Medical device maker Becton, Dickinson and Co. (BD) and federal regulators have issued warnings about eight vulnerabilities found in BD’s medication infusion product suite, known as BD Alaris Guardrails Suite MX.
These vulnerabilities pose a risk to data and device integrity if exploited. BD discovered the vulnerabilities during routine internal security testing and reported them to the Food and Drug Administration (FDA), the Cybersecurity and Infrastructure Security Agency (CISA), and industry organizations.
The vulnerabilities include cross-site scripting flaws, improper authentication, missing encryption of sensitive data, and insufficient data authenticity verification. Exploiting these vulnerabilities could lead to compromised data, session hijacking, firmware modification, and system configuration changes. BD is actively working on remediation and deployment plans to address these vulnerabilities and reduce the risk they pose.
To mitigate the risk associated with these vulnerabilities, BD recommends implementing certain mitigations and compensating controls.
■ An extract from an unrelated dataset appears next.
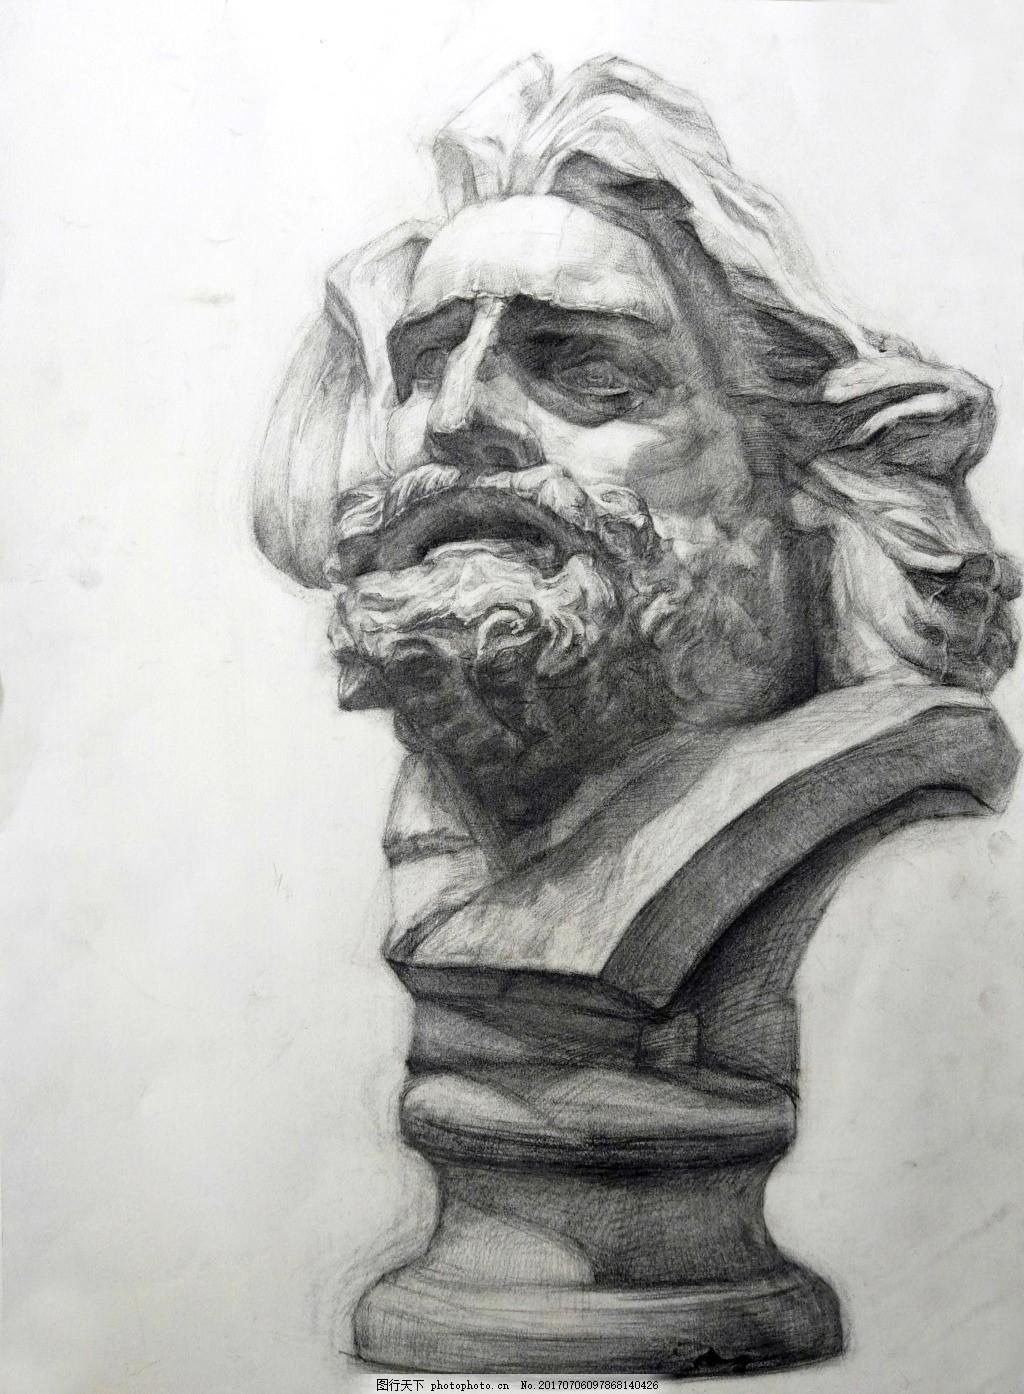 马赛头像装饰画 素描 石膏像 美术 黑白灰 结构 转折

These include deploying network perimeter security measures, regularly rotating Wi-Fi network credentials, and ensuring that BD Alaris System components are running updated software versions.
Following security best practices recommended by the National Institute of Standards and Technology (NIST), such as access control and physical asset protection, is also advised.
The discovery of these vulnerabilities underscores the growing emphasis on cybersecurity in the medical device industry. The FDA has implemented new policies that require medical device manufacturers to detail cybersecurity measures in premarket submissions and develop plans to address postmarket vulnerabilities and coordinate the disclosure of exploits.
These measures aim to enhance the overall security of medical devices and protect patient data.